# Do I need the Verizon Fios Actiontec router?



## cherrytree (Feb 10, 2007)

I just purchased a Roamio Plus and I receive video and internet service from Fios. Verizon gave me an Actiontec "Verizon FiOS Router with Gigabit Ethernet." If I wanted to use a different wireless router and completely exclude the Actiontec router from my setup, would I lose anything?
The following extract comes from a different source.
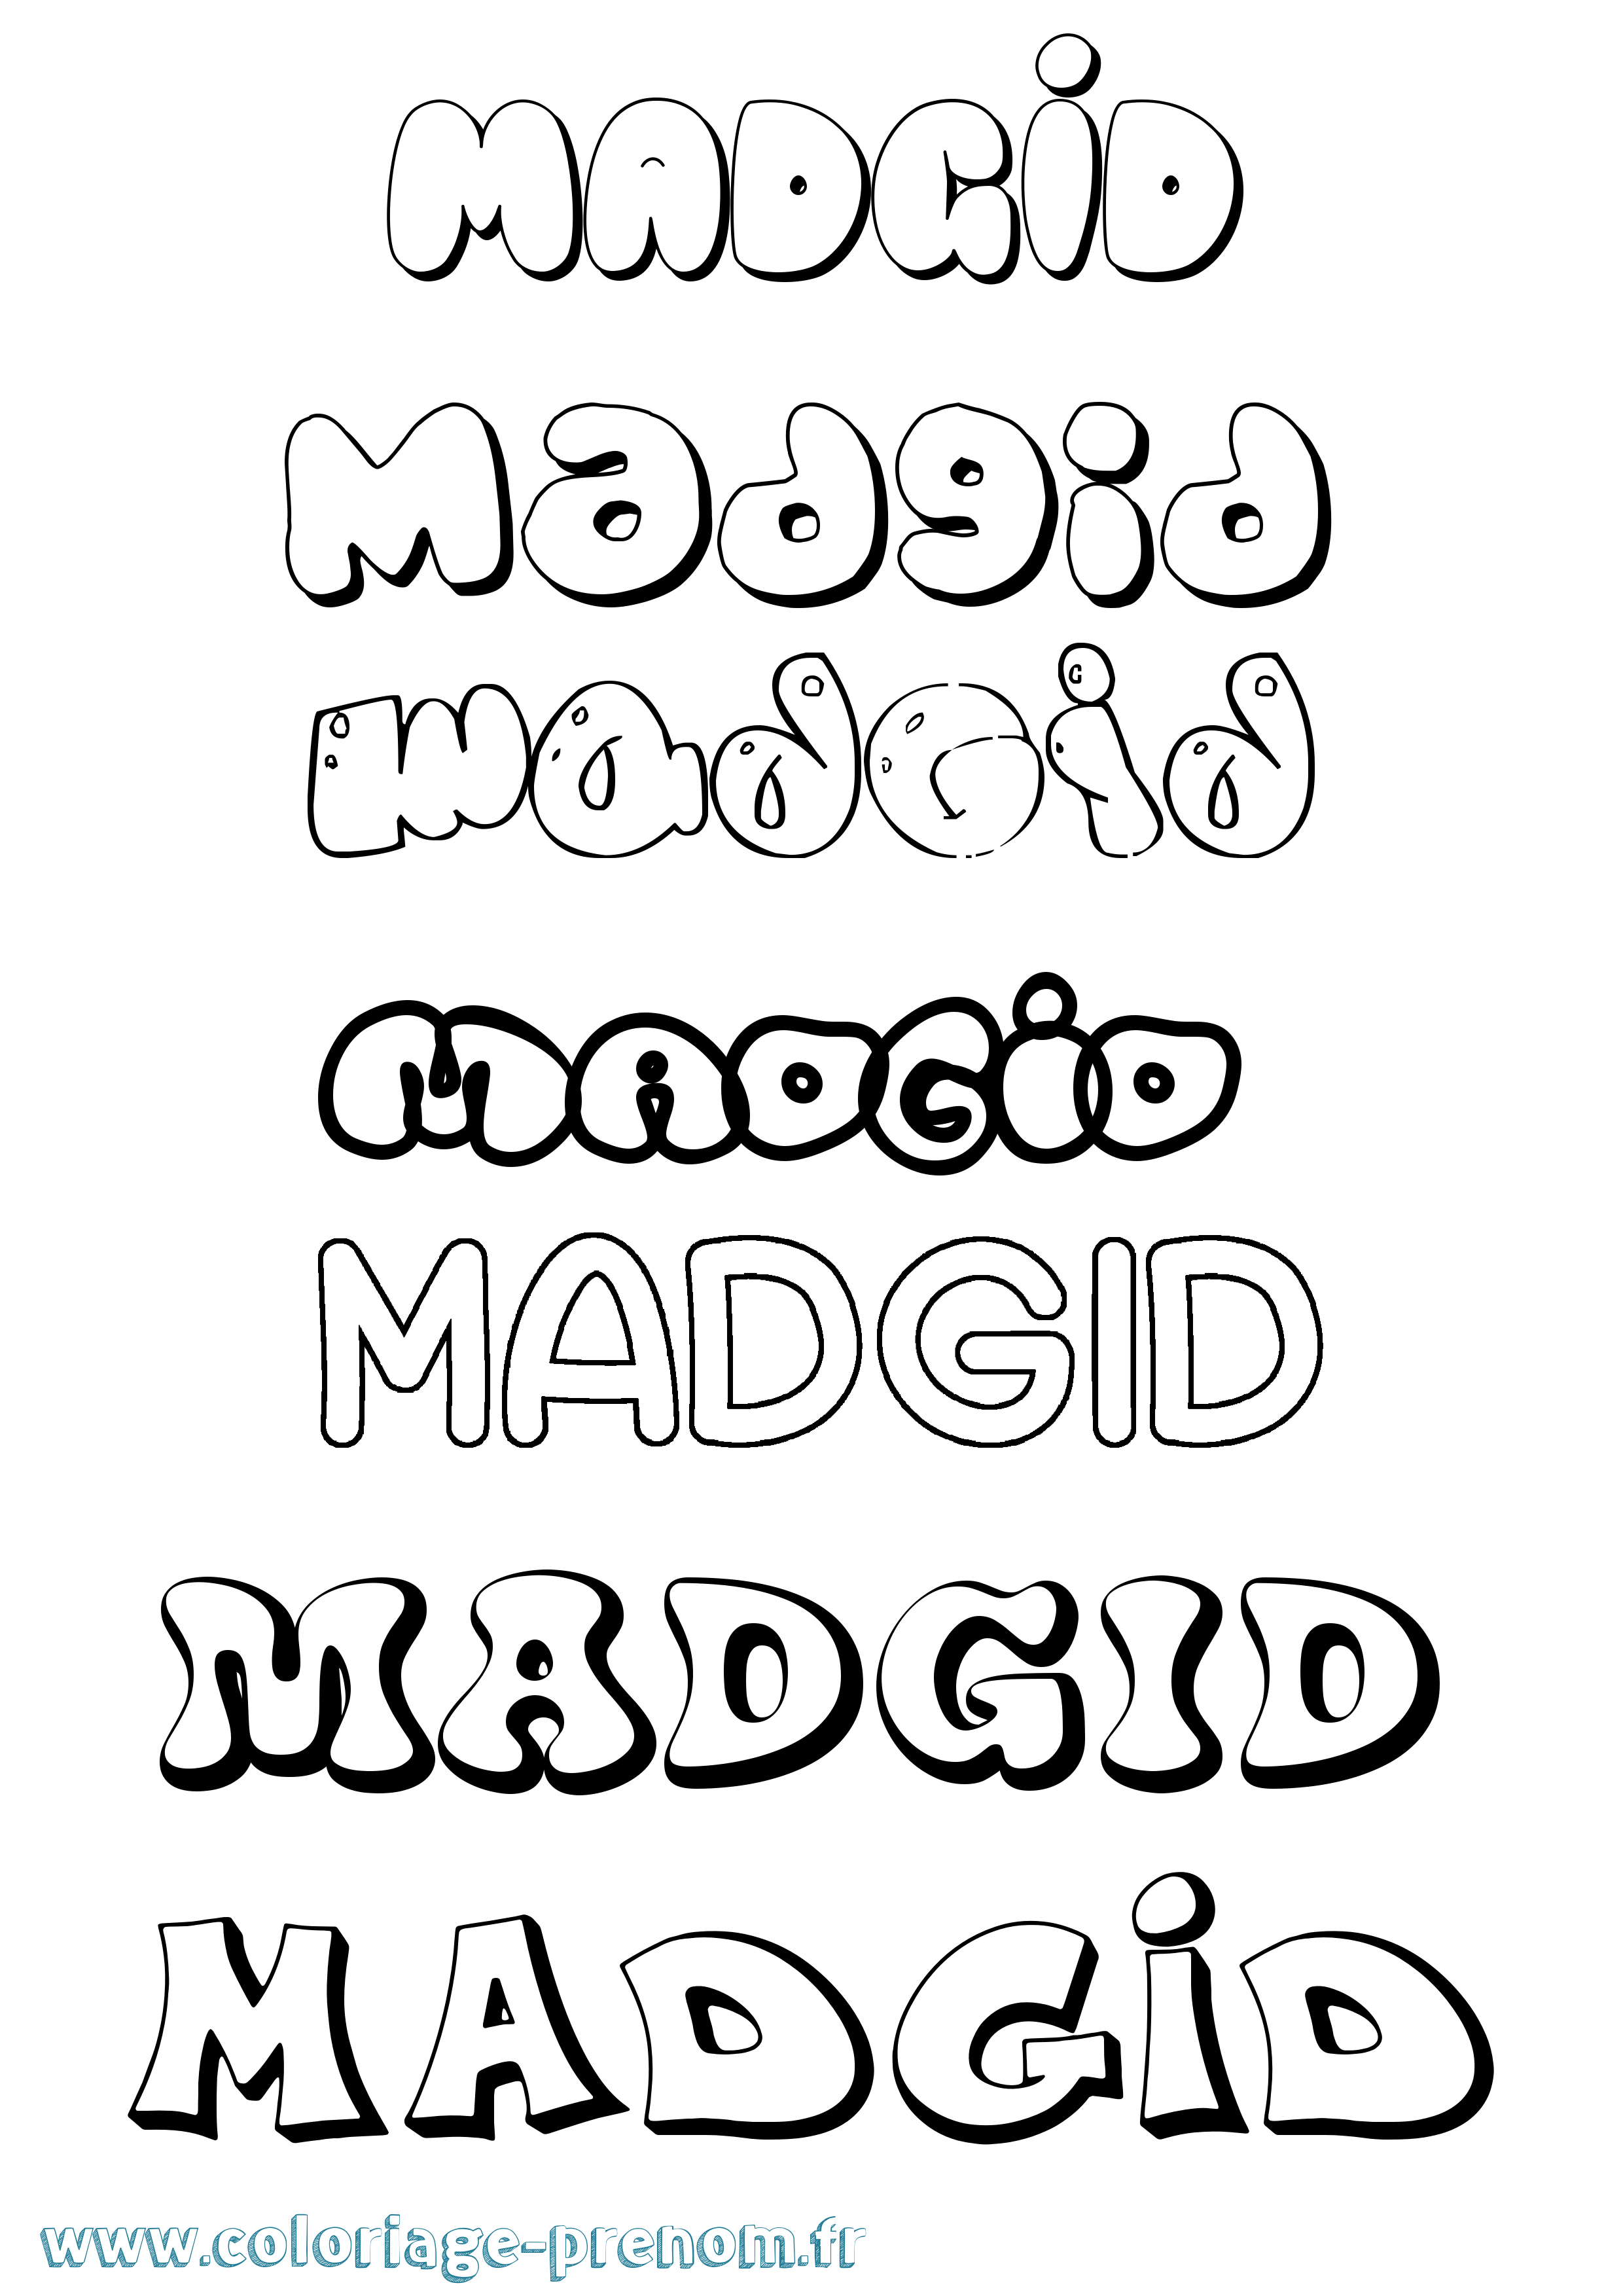 Coloriage prénom Madgid Bubble

I've read that you need the Actiontec router to enable VOD, but since Tivo doesn't work with Verizon Fios' VOD anyway, am I losing anything were I to completely get rid of the Actiontec router?


----------



## socrplyr (Jul 19, 2006)

You do not need to use it.
A couple of things you would lose:
1. Ability for Verizon to check out whether or not your service is working correctly when you are on support with them.
2. VOD to any Verizon provided STBs.
3. MoCA bridge to the internet. (Right now you could hook your Roamio up to the cable line and not enable its wireless and not hook up its ethernet cable and it would have Internet.)
4. Possibly (depending on your setup) an issue running the ethernet cable from the ONT.
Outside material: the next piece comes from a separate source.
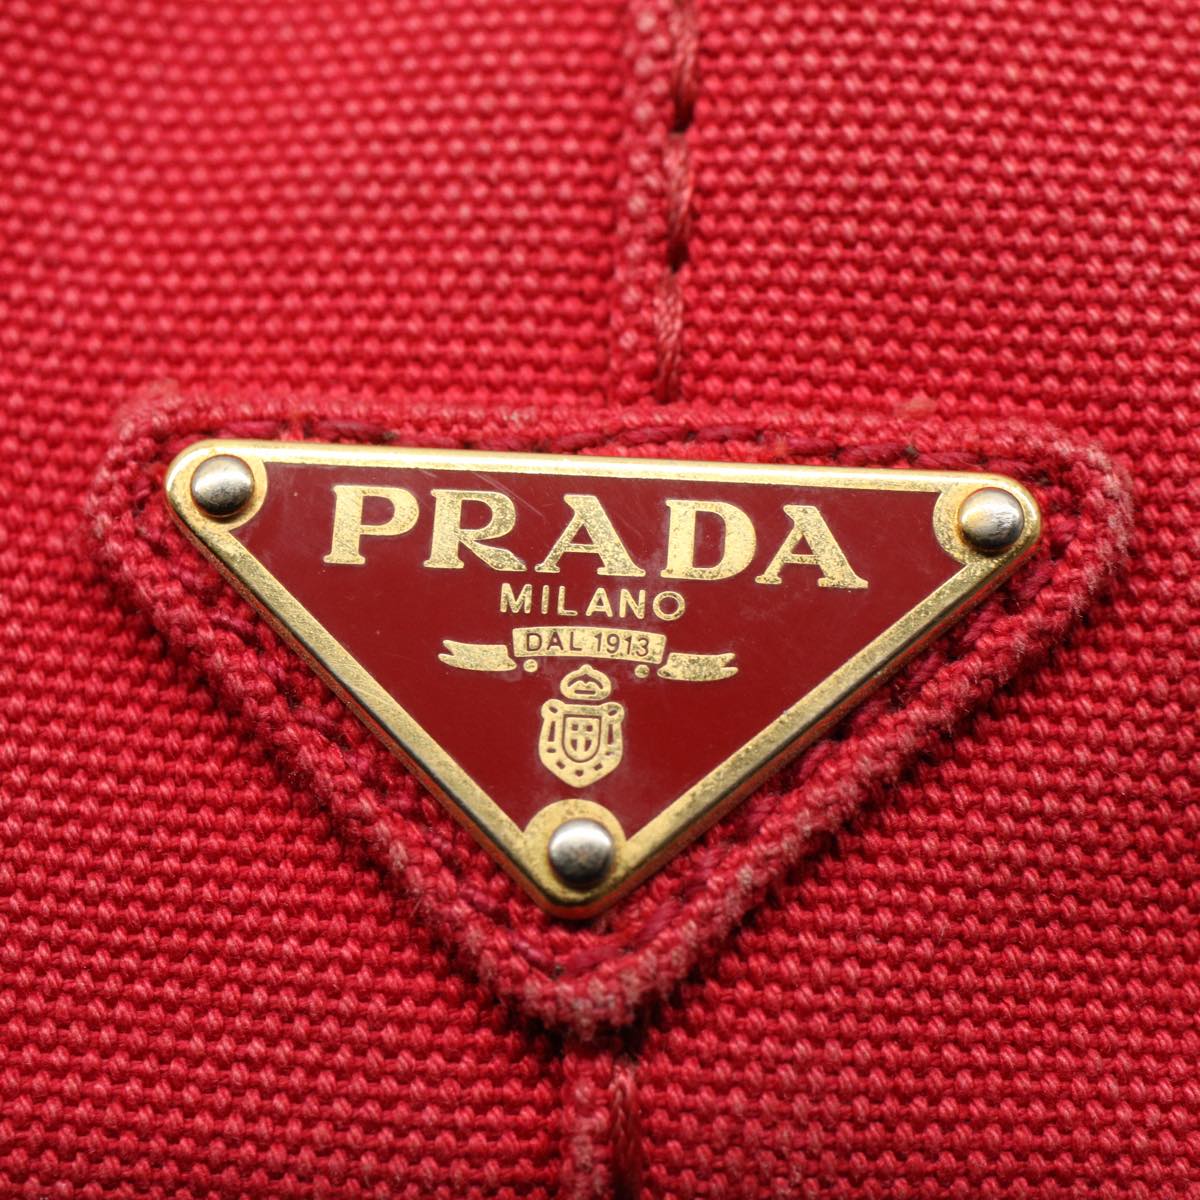 PRADA Canapa PM Hand Bag Canvas Red Auth ep2344

For more information on different ways of setting it up see the link below.
http://www.dslreports.com/faq/16077


----------



## bern43 (Mar 23, 2008)

I'm using my ASUS router with the actiontec fios router. Works great. I have the wireless disabled on my actiontec. But it still acts as a MoCA bridge.


----------



## socrplyr (Jul 19, 2006)

Another FAQ on using your own router in addition to the Verizon one:
http://www.dslreports.com/faq/12506
If you happen to choose this route.

Do I have to use the Verizon router?
http://www.dslreports.com/faq/14077


----------



## dalesd (Aug 2, 2001)

I get my internet out of the FiOS ONT via Ethernet.

I was a TiVo owner before I was a FiOS customer, so when I had FiOS installed, I asked the tech to use the Ethernet out of the ONT instead of Coax. He said, "If I do that, you won't be able to get OnDemand." I explained that I have a TiVo and can't use OnDemand anyway, and he went along with it.
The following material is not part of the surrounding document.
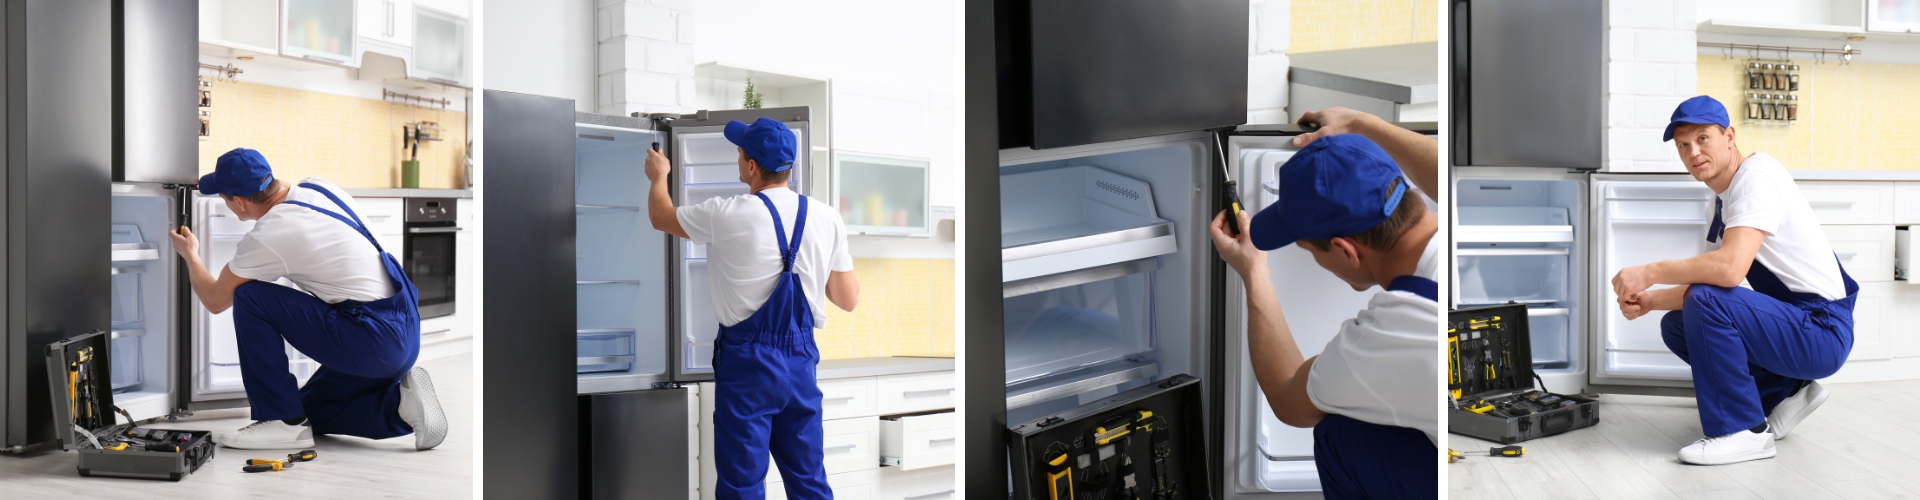 refrigerator-repair-service

He gave me Ethernet out of the ONT into the Actiontec router. Later I replaced the Actiontec with my own router. The Actiontec is now completely disconnected and in a box in my basement. 

I've heard that some folks have switched to Ethernet out from the ONT by calling tech support. YMMV.


----------



## wmcbrine (Aug 2, 2003)

dalesd said:


> ... I asked the tech to use the Ethernet out of the ONT instead of Coax. He said, "If I do that, you won't be able to get OnDemand."


He was confused. Fios VOD comes in over Ethernet just fine. You only need a MoCA connection between the router and the STBs, because the STBs don't do Ethernet.

In fact, Verizon automatically gives you an Ethernet connection from the ONT to the router if you order one of the higher speed tiers (150+).


----------



## JonHB (Aug 28, 2007)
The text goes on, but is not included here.